It was a great, short hunt.

**In 1999 my brother, mentor and the best hunting partner that ever lived was tragically killed. I had a wooden plaque on a ridge dedicated to him, which had badly deteriorated. I had made a metal plaque, and took that to the same place to mount the day prior to the hunt. Life will never be as sweet without him.


----------



## Huge29 (Sep 17, 2007)

Congrats and my condolences to your brother! Thx for sharing!


----------



## Poo Pie (Nov 23, 2007)

Thanks for sharing your story. Great buck.


----------



## Treehugnhuntr (Sep 7, 2007)

Nice, that _was_ a great story.
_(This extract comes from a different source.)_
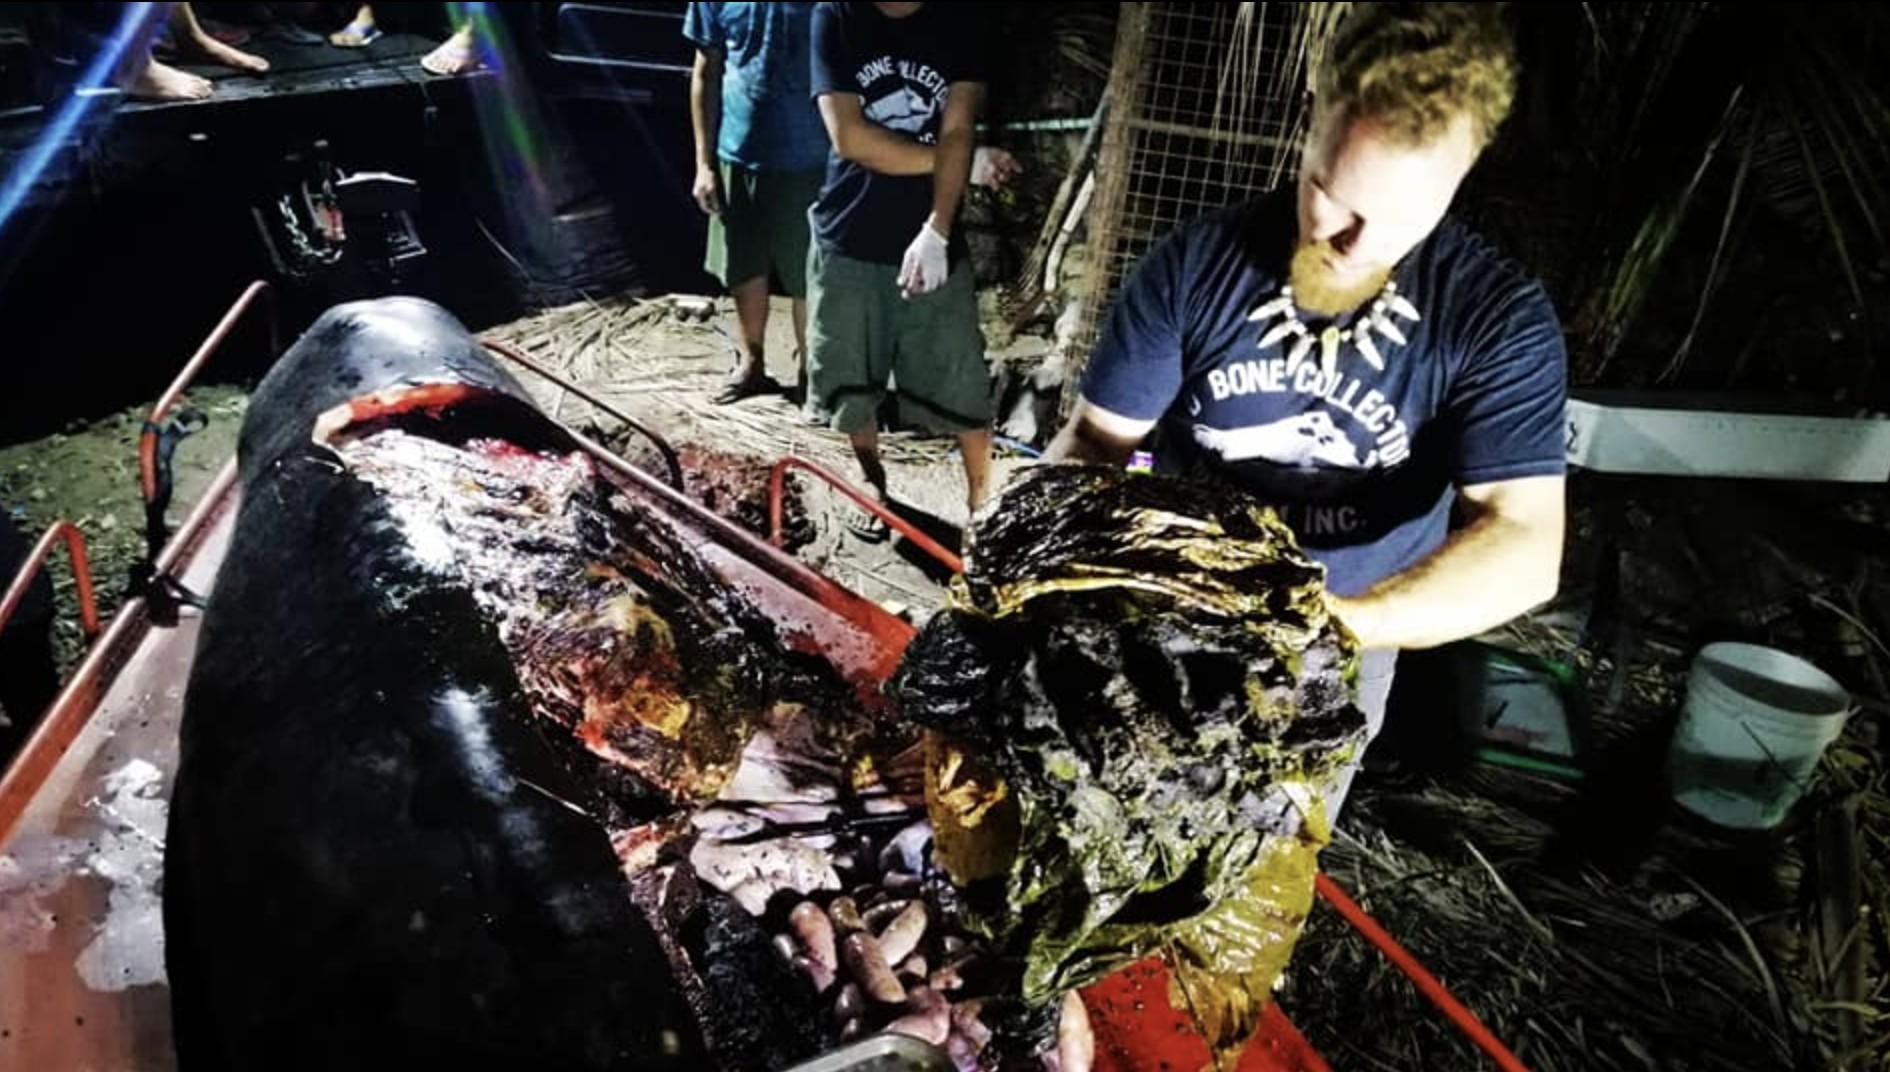 Equipe retira quilos de plástico do estômago da baleia (Foto: Reprodução/ Facebook D' Bone Collector Museum Inc.)

That's a really neat thing to do.


----------



## dkhntrdstn (Sep 7, 2007)

Congrats on a dandy buck there. sorry to hear about your bother.He was there with you still just not in person.


----------



## bowgy (Oct 10, 2007)

Congrats on a good hunt, also sorry to hear about your brother.


----------



## pintail (Apr 20, 2008)

Congrats on your buck its a dandy! We also have a couple plaques up on the mountain we deer hunt on for a couple of my uncles that have passed on. One is for my uncle that was stuck by lightning and killed last year on our elk hunt on poison mountain. I know how you feel it doesnt feel like a complete trip without stopping by to say hi and remember them. congrats again on your buck.


----------



## Bo0YaA (Sep 29, 2008)

Was your uncle Gary Richter? if so I know some of your other uncles, Mont and Eldon. I went bear hunting with them In cordova alaska a few years back, and used to work with Mont up until 5 months ago.

Nice buck by the way, I wouldnt pass that one up either.


----------



## #1DEER 1-I (Sep 10, 2007)

Nice buck.


----------